Retailer Also Wants To Expand on 'Experiential' Model, Stores as Fulfillment Centers

Photo Courtesy of wolterke.

Best Buy has a plan to open more outlet stores catering to bargain hunters looking for deals on TVs, appliances and other consumer electronics. What it does not plan to do is take more real estate to house those outlets.

In a Thursday call with investors, company executives laid out plans to double the number of outlet stores Best Buy operates while thinning the herd elsewhere, though executives were quick to emphasize the value of brick-and-mortar retail. The company has 16 outlet stores and expects to double that number by the end of its upcoming fiscal year, and Chief Financial Officer Matt Bilunas estimated that the company would close 20 to 30 stores in that time, which he said was a pattern consistent with Best Buy's last five years.

The Minneapolis-based company has been experimenting with outlets since at least 2016 and now has locations in 13 states.
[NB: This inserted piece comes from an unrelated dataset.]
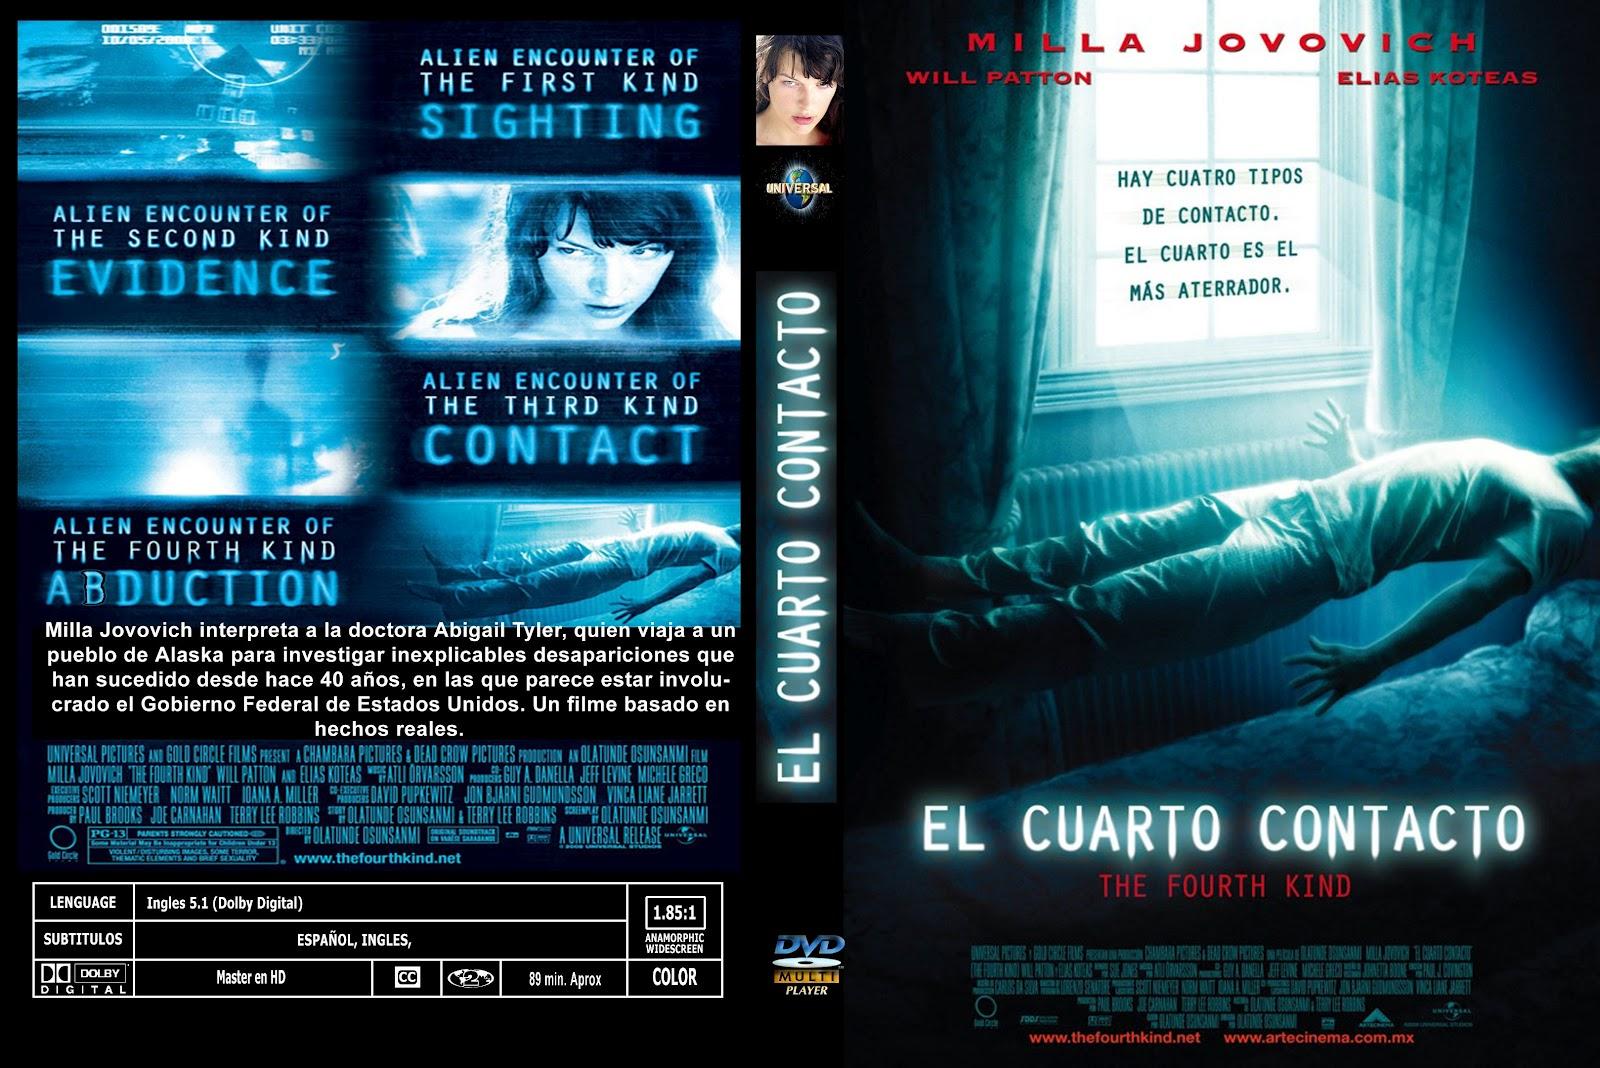 peliculas dvd full el cuarto contacto the fourth kind

The discount operation yields several distinctive benefits, explained Damien Harmon, executive vice president of omnichannel for Best Buy. They alleviate space and capacity bottlenecks at the retailer's core stores and attract "new and reengaged customers." He estimated that about 16% of Best Buy's outlet shoppers come from outside the company's established base.
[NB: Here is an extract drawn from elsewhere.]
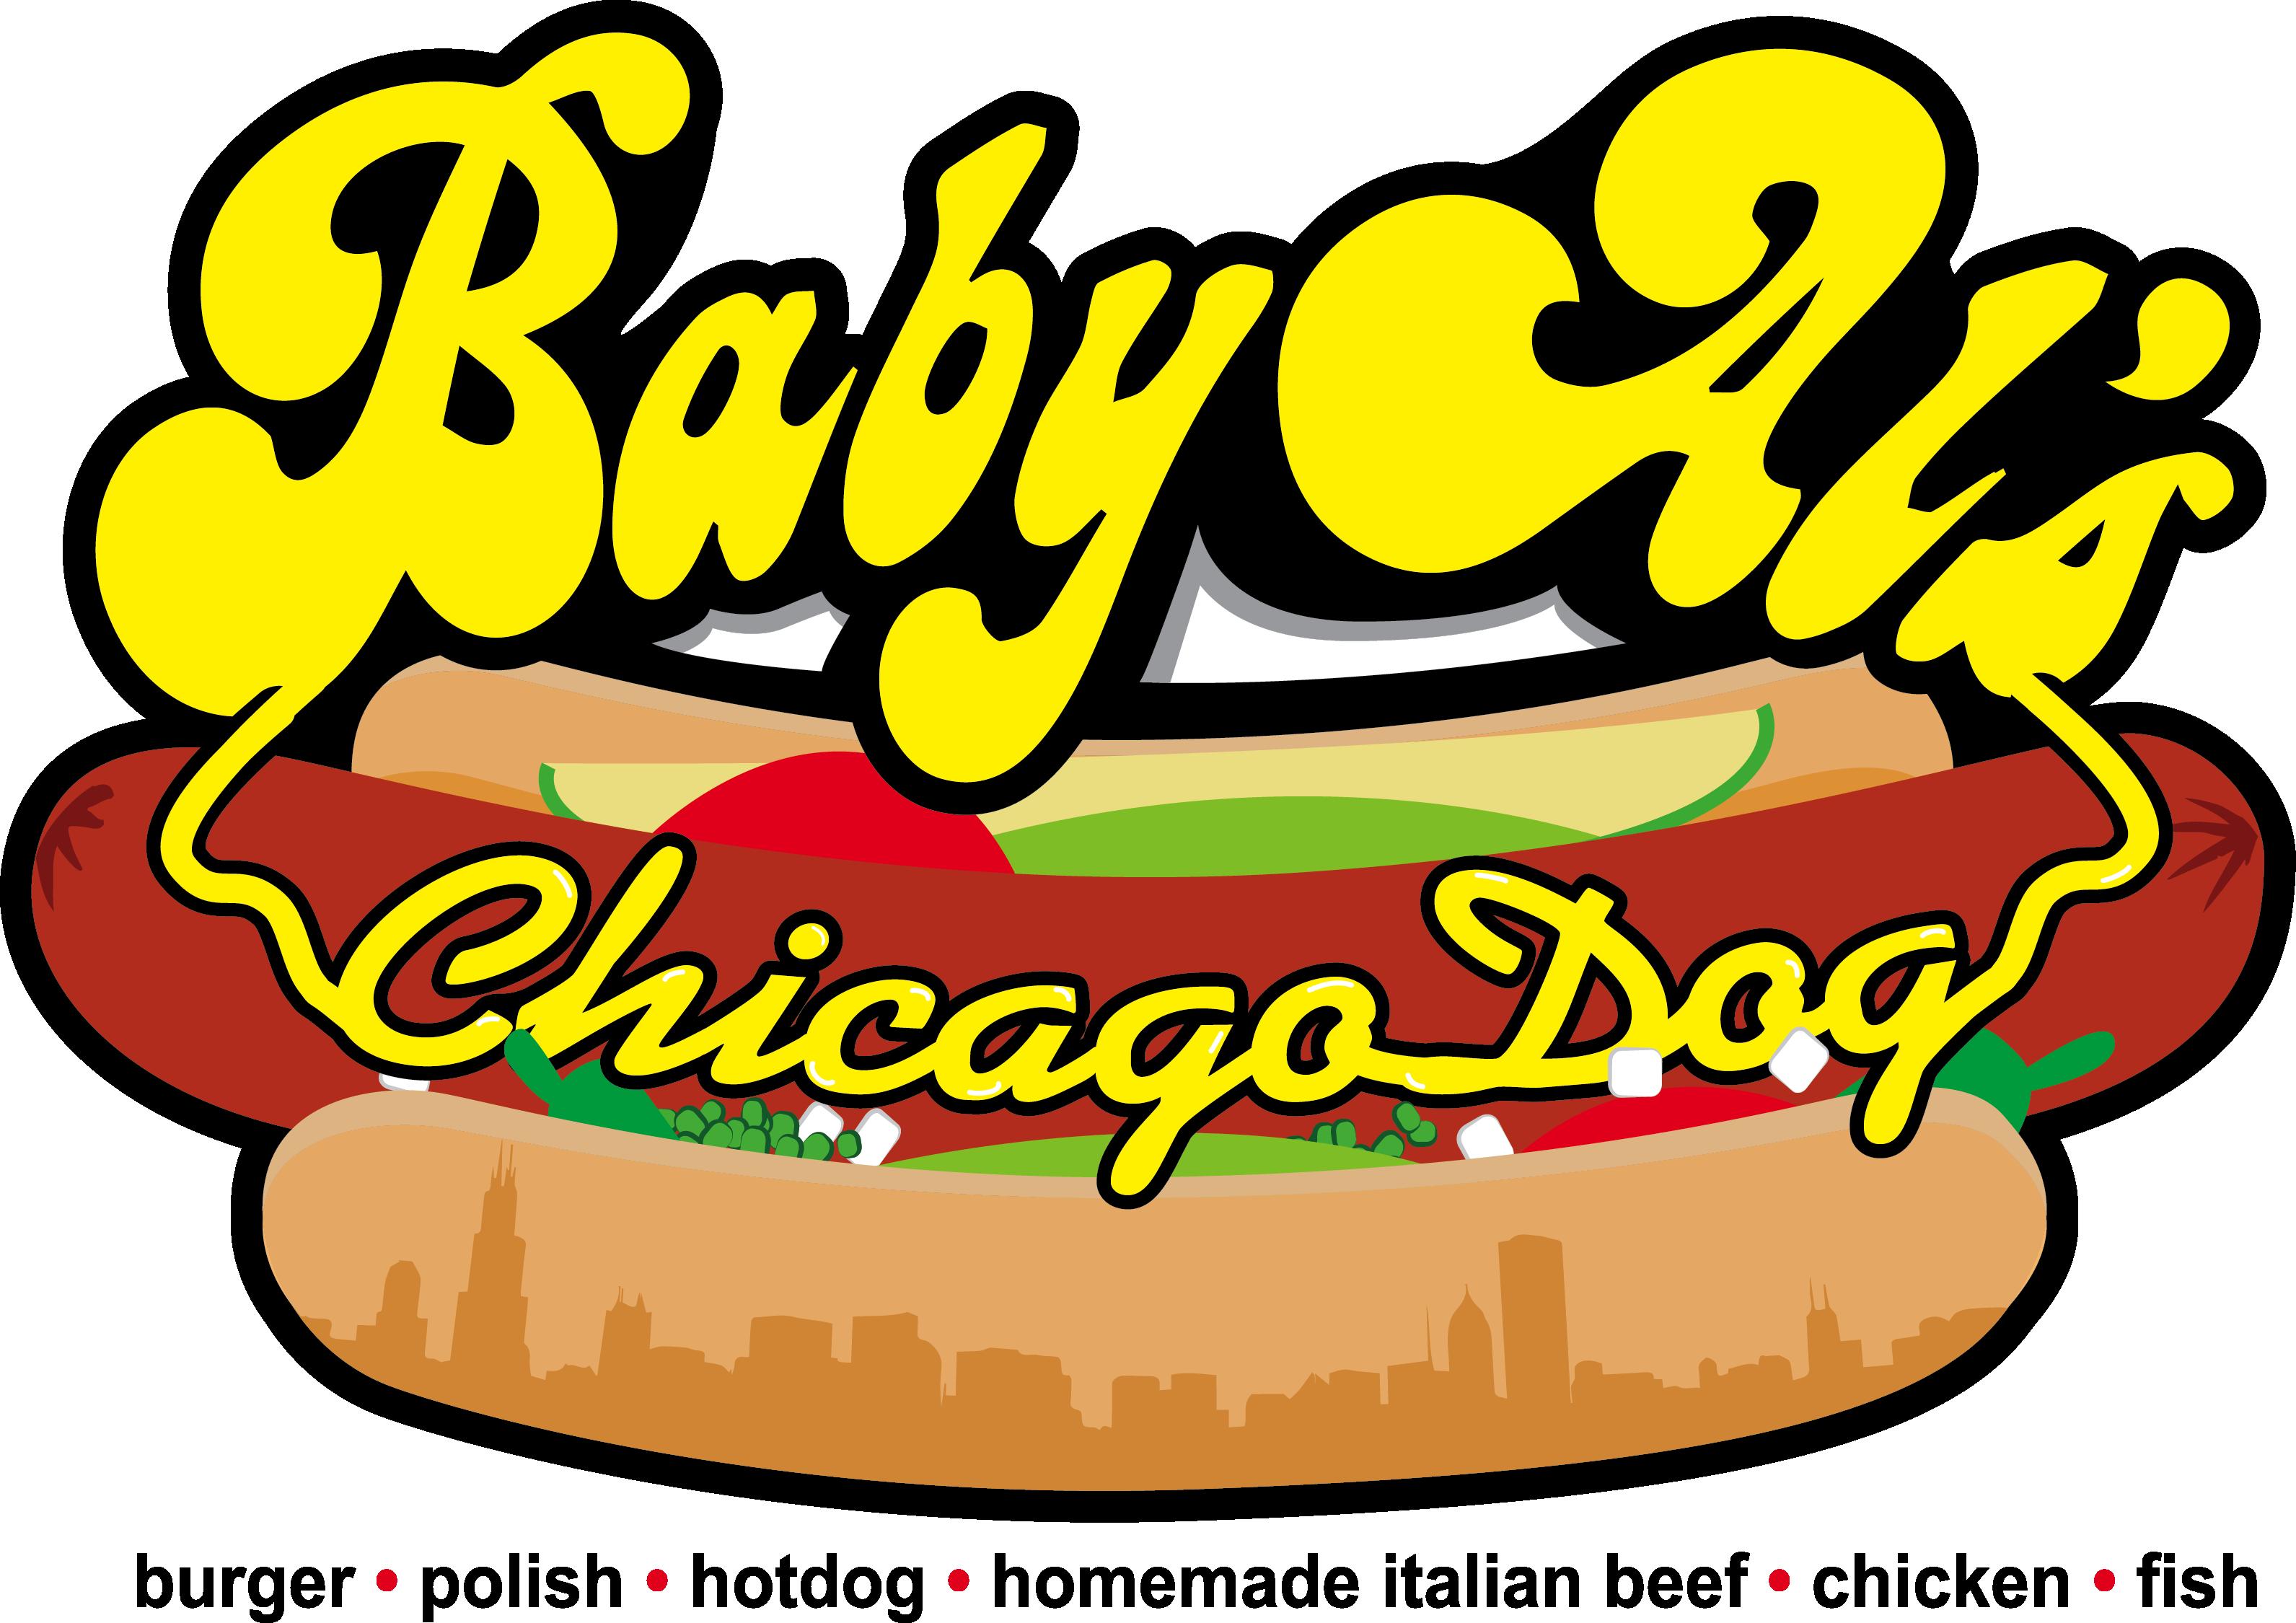 BABY-ALS-CHICAGO-DOG1

Over the next 12 months, Harmon said, Best Buy also intends to renovate 50 stores along a new "experiential" model debuted in Houston in 2020. The Houston prototype has more showcase space for product categories Best Buy is sinking its teeth into: health and fitness technology, e-transportation, and outdoor furniture and devices. Like Target Corp., its hometown peer, Best Buy's experiential model also makes heavy use of the "store-within-a-store" concept for brands such as Microsoft and Apple.

Best Buy is also following Target's lead by making its retail locations double as hubs for fulfillment of online orders. Company executives touted the success of a pilot project the company rolled out in the fall in Charlotte, North Carolina, that used this more "holistic" approach, which views stores as cogs in a single local logistics network rather than individual shops.
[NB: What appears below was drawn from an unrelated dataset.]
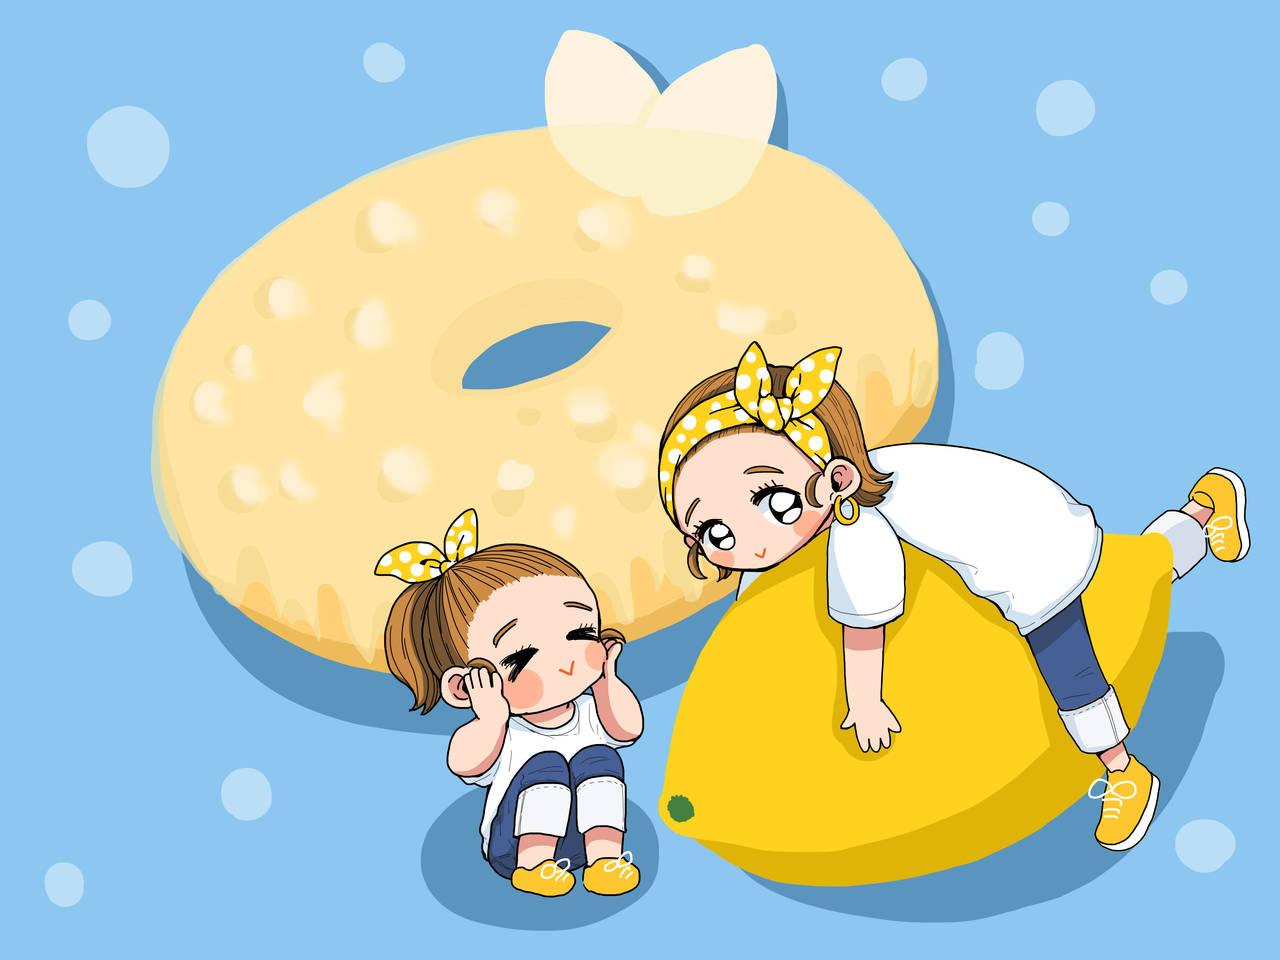 【仙台】ドーナツ屋さんで食べるもぎたてレモン「HOBA HOUSE」

"The ways people are shopping today are entirely different than how they shopped two years ago. And our stores and the way they operate need to change and adjust accordingly," Harmon said. "This work in Charlotte is a manifestation of the shopping evolution and this pilot leverages all of our assets in a full portfolio strategy across stores, fulfillment, services, outlets, consultation labor, and we bring it all together with our digital app."

Changes Best Buy made in the Charlotte market are a bellwether for how it may tweak its broader store count in the years to come. According to the company's Thursday presentation to investors, Best Buy began 2021 with 12 locations in and around Charlotte, ranging in size from 20,000 to 45,000 square feet. Over the last six months it closed one location, turned another into an outlet store and renovated the remaining 10.

The remodeled stores have less retail area — in aggregate their sales floor area shrank by about 24% — and twice as much space for behind-the-scenes order fulfillment operations such as warehousing, shipping and packing. In the process, Best Buy pared down its total footprint in Charlotte by about 5%. The stores' retail area now ranges from 15,000 square feet to 35,000.

Best Buy expects the system will optimize its workforce, maximize efficiency and bump up customer engagement and spending, Harmon said. It will use this market experiment "to learn" over the next 12 months and then decide whether such a system can — and should — be scaled across the rest of its portfolio.

The company reported revenue of $16.4 billion in the quarter ended Jan. 29, compared to $16.9 billion for the year-earlier period. It had net income of $626 million in the latest quarter, down from $816 million the previous year. Profit for the full year was $2.5 billion, up from $1.8 billion the year earlier, on sales of $51.8 billion and $47.3 billion, respectively.